↓
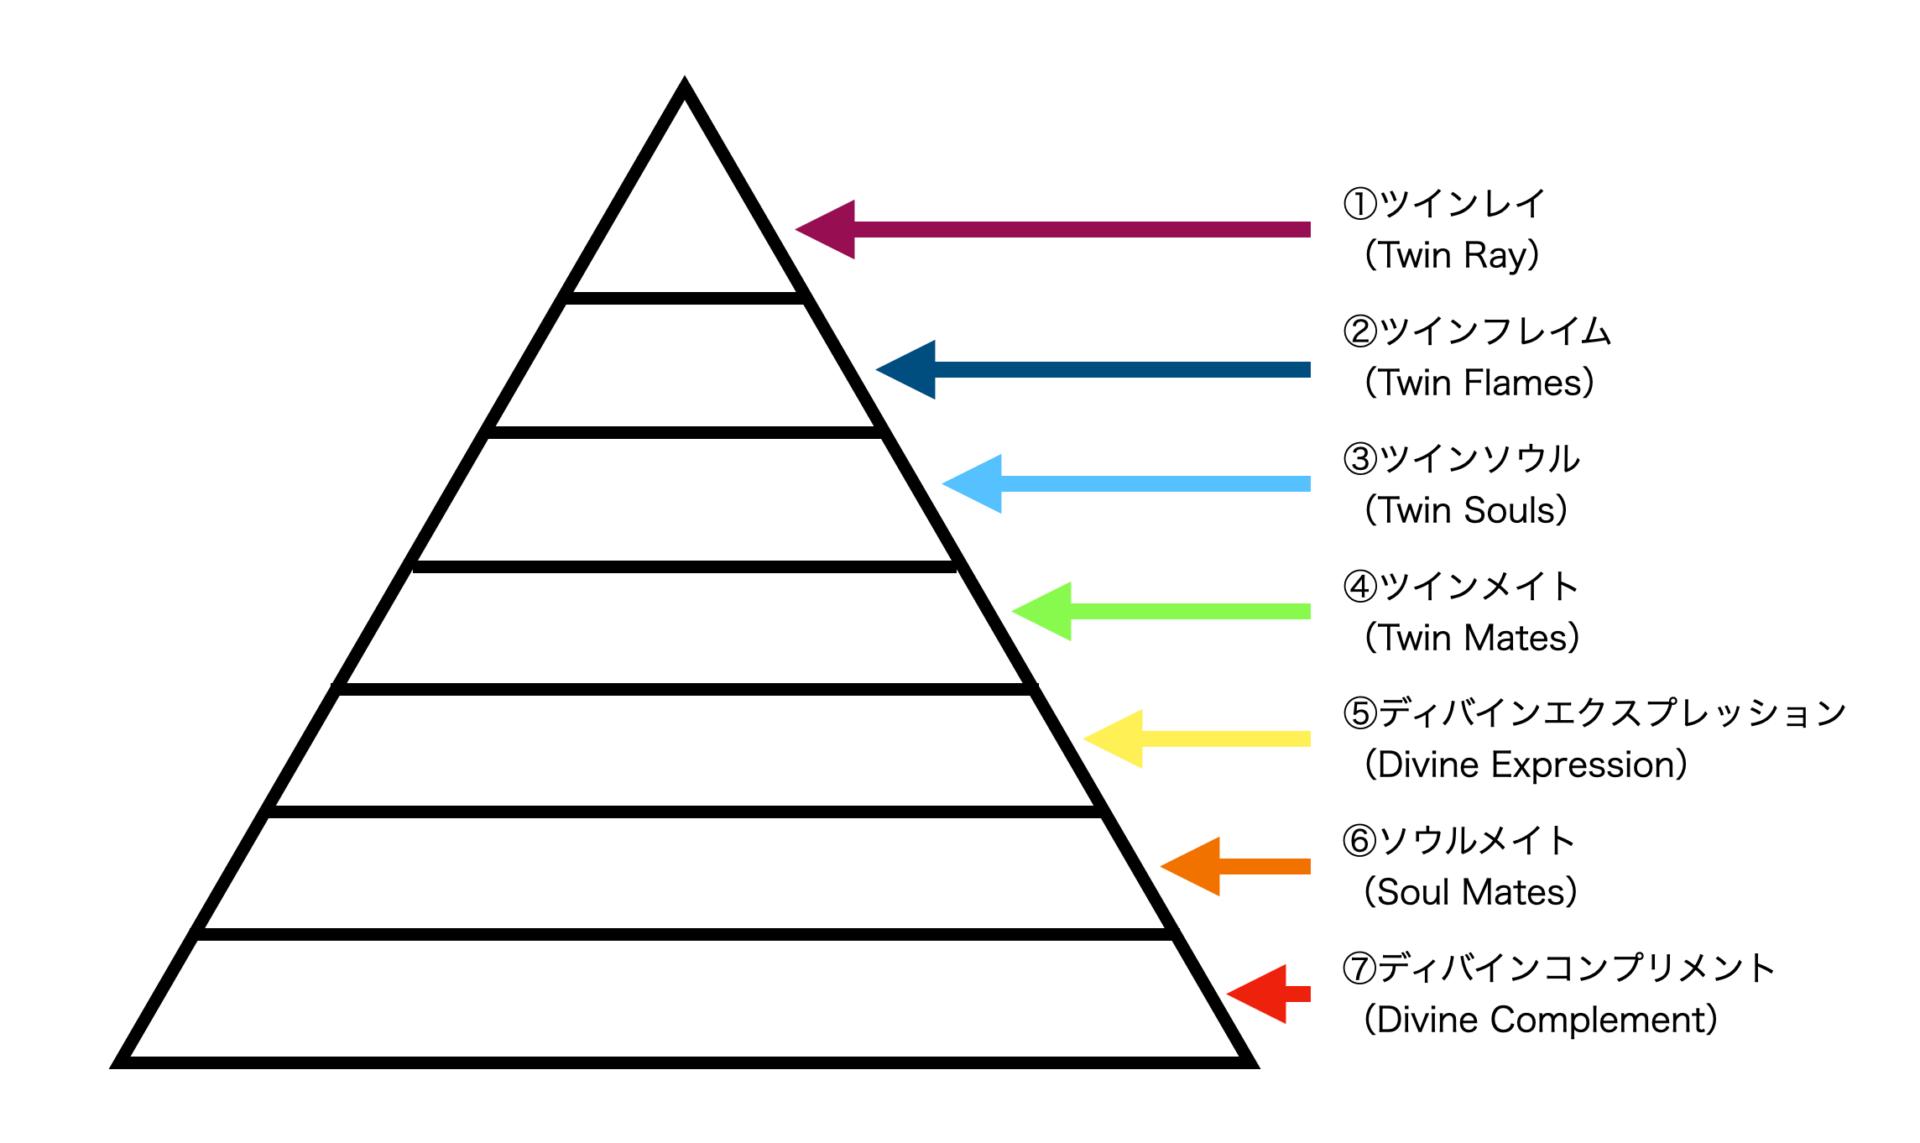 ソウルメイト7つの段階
↑
↓
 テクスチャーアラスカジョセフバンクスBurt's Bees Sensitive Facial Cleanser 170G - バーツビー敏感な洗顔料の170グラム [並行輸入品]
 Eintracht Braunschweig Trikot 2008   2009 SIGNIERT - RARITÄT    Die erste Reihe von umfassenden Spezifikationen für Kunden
↑
**TASK GOAL:**
Taking the material above, extract exactly and only the lines from the line with "テクスチャーアラスカジョセフバンクスBurt's Bees Sensitive" to the line with "Eintracht Braunschweig Trikot", inclusive of both.

**ANSWER AREA:**
 テクスチャーアラスカジョセフバンクスBurt's Bees Sensitive Facial Cleanser 170G - バーツビー敏感な洗顔料の170グラム [並行輸入品]
 Eintracht Braunschweig Trikot 2008   2009 SIGNIERT - RARITÄT    Die erste Reihe von umfassenden Spezifikationen für Kunden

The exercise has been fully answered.